Par avenant du 2 avril 2012, à effet à compter du 1er mai 2012, M.[K] [X] [G] a été promu à la fonction de chef de poste de sécurité, niveau 3, échelon 3, coefficient 150, avec un salaire mensuel brut de 1531,75 euros pour un horaire de travail de 80 heures mensuelles, les autres clauses du contrat restant inchangées.

Suite à des erreurs de salaires, la S.A.Sécurité Protection ayant procédé à des retenues de salaire au motif qu'elle avait commis une erreur sur le montant du salaire mentionné dans l'avenant, M.[G] [K] [X] a saisi le conseil des prud'hommes de Paris qui, par jugement du 20 janvier 2014, a prononcé la nullité des retenues de salaire et condamné la S.A.Sécurité Protection à lui rembourser les retenues sur salaire, jugement confirmé par arrêt de la cour d'appel de Paris du 28 juin 2017 et réformé pour le surplus, la Cour ayant fait droit aux demandes de rappel de salaire pour les années 2013 à 2017 outre de dommages-intérêts pour le préjudice subi du fait du non respect des dispositions contractuelles par l'employeur.

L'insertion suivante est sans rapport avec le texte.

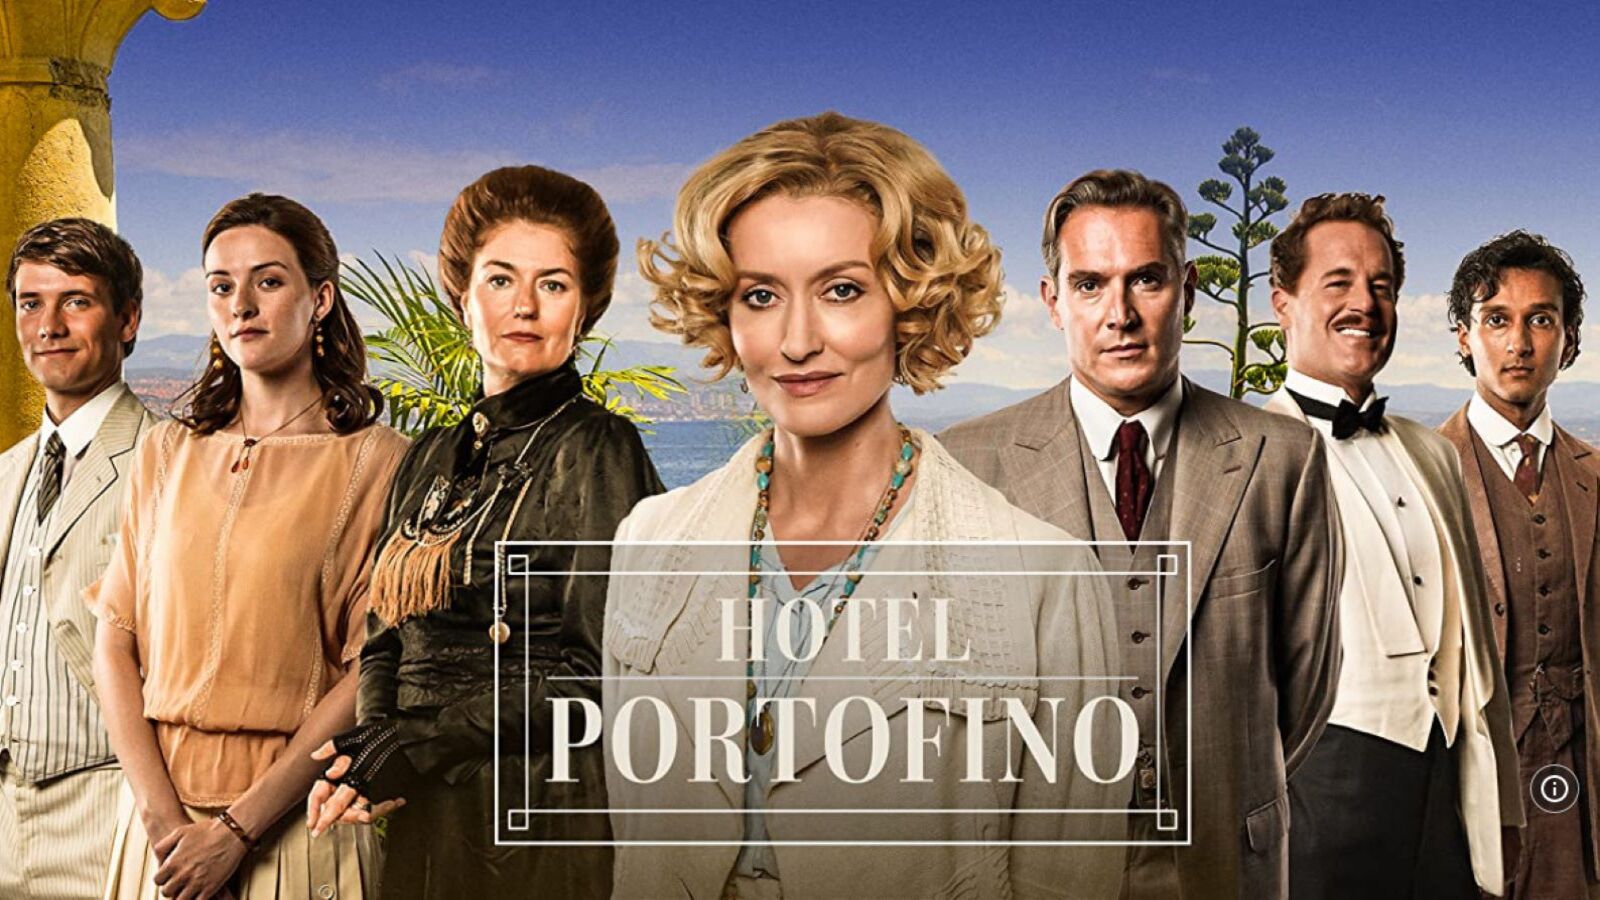 Hotel Portofino stasera su Rai 1: trama e cast delle puntate finali della serie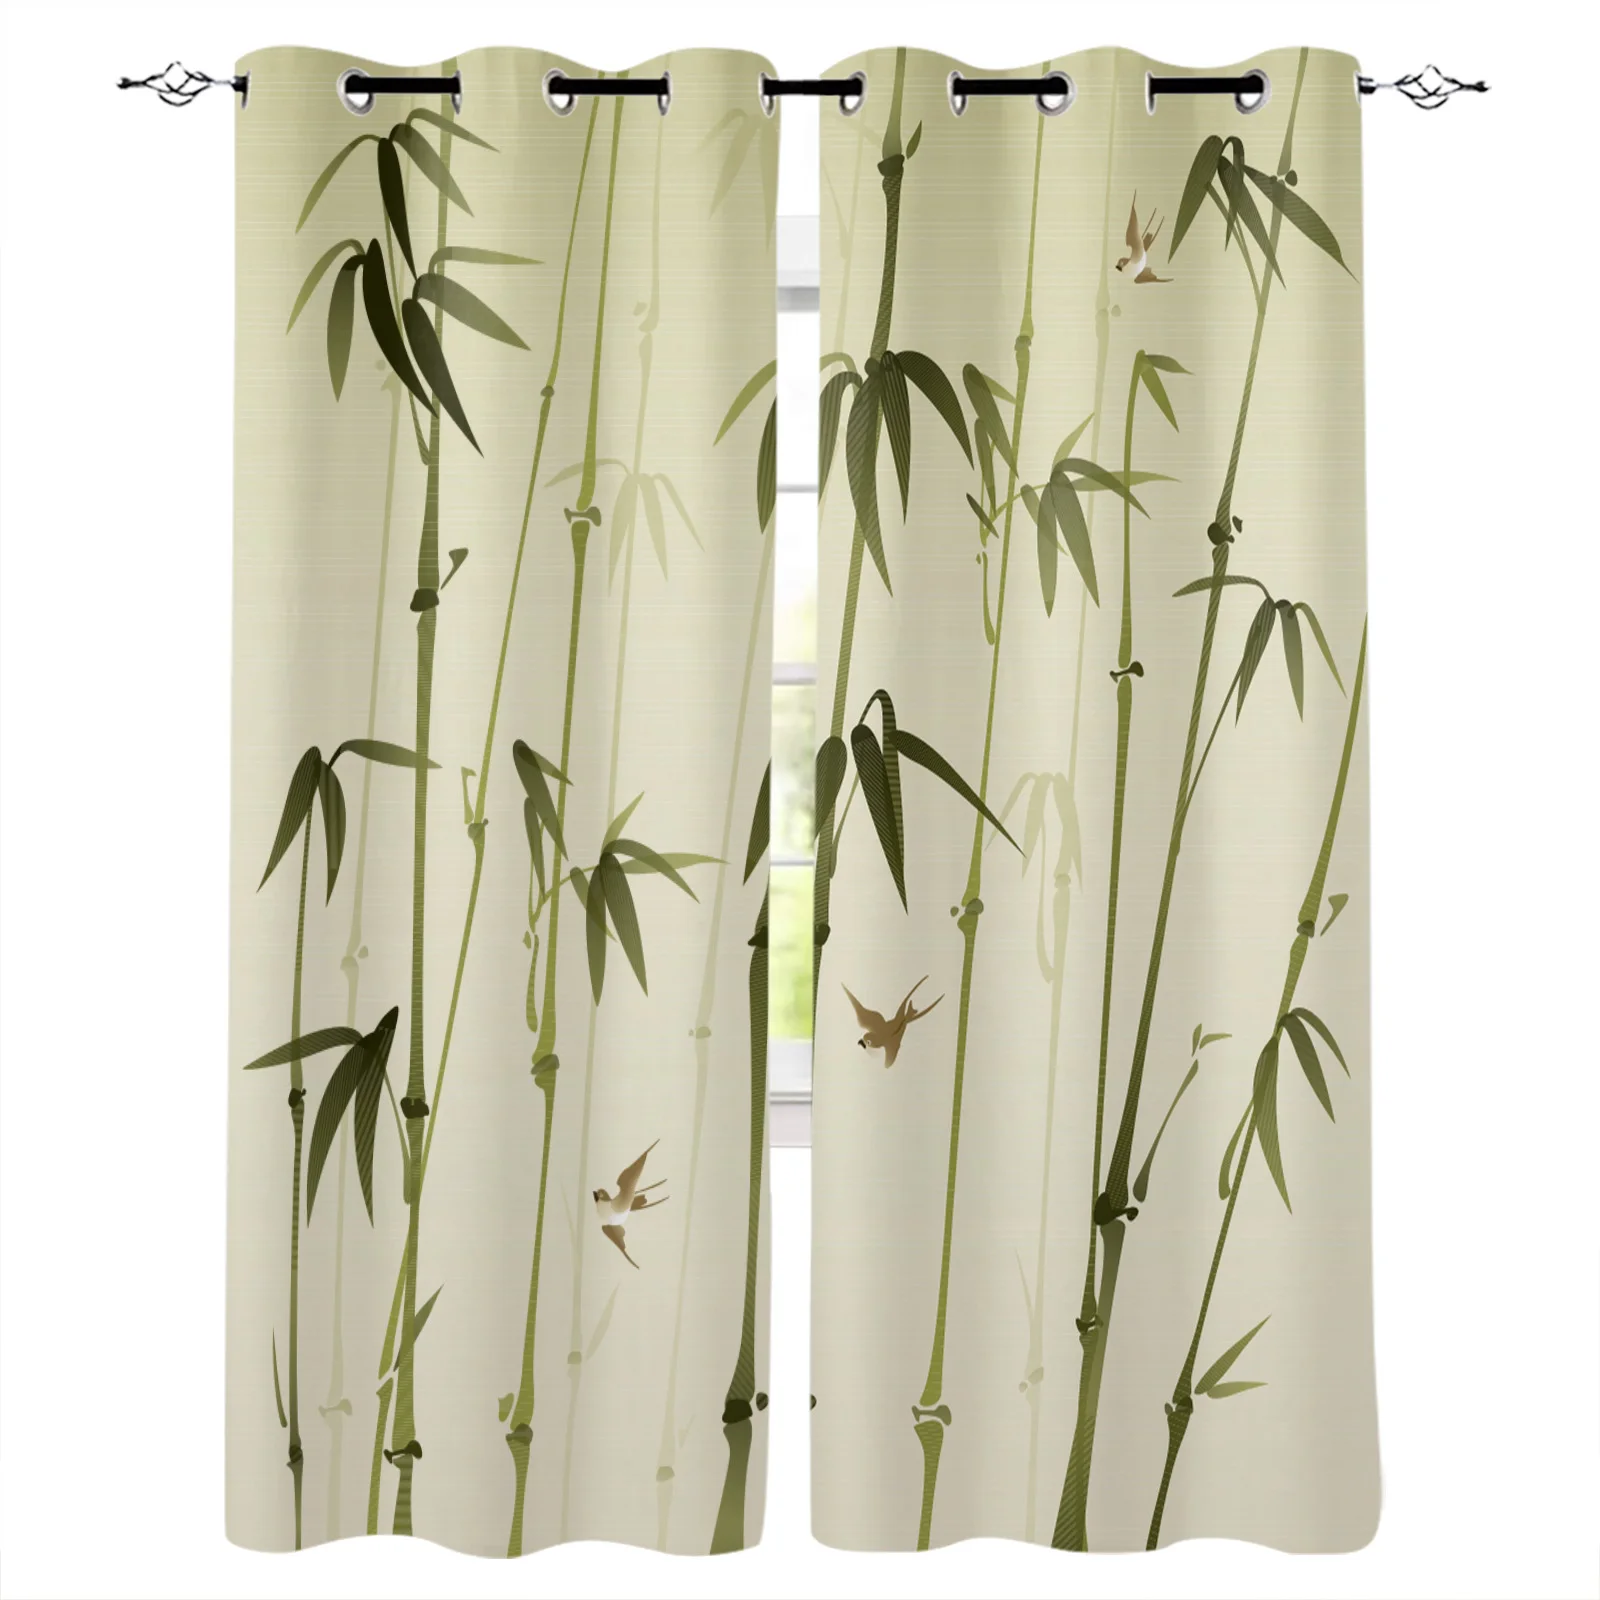 

Бамбуковые затемняющие шторы в китайском стиле, оконные занавески для спальни, гостиной, декоративные оконные принадлежности

Le 14 février 2018, M.[G] [K] [X] a saisi en référé le conseil des prud'hommes de Nanterre en paiement des salaires de mai à décembre 2017, demande acceptée par jugement du 13 avril 2018 condamnant l'employeur à payer une provision à ce titre.

Le 8 mars 2019, M.[G] [K] [X] a saisi en référé le conseil des prud'hommes de Nanterre en paiement des salaires de janvier à décembre 2018, demande acceptée par jugement du 4 juin 2019 condamnant l'employeur à payer une provision à ce titre.

Par lettre en date du 25 avril 2019, la S.A.Sécurité Protection a notifié à M.[G] [K] [X] son affectation sur le site de Neolog à [Localité 14] à compter du 6 mai 2019.

Convoqué le 24 mai 2019 à un entretien préalable à un éventuel licenciement, fixé au 6 juin suivant, M.[K] [X] [G] a été licencié par lettre datée du 13 juin 2019 énonçant une faute grave.

La lettre de licenciement, qui fixe les limites du litige, est ainsi libellée :

« Monsieur,

Par courrier recommandé en date du 24 mai 2019, nous vous avons convoqué à un entretien préalable, organisé le 6 juin 2019.

Vous vous êtes présenté à cet entretien.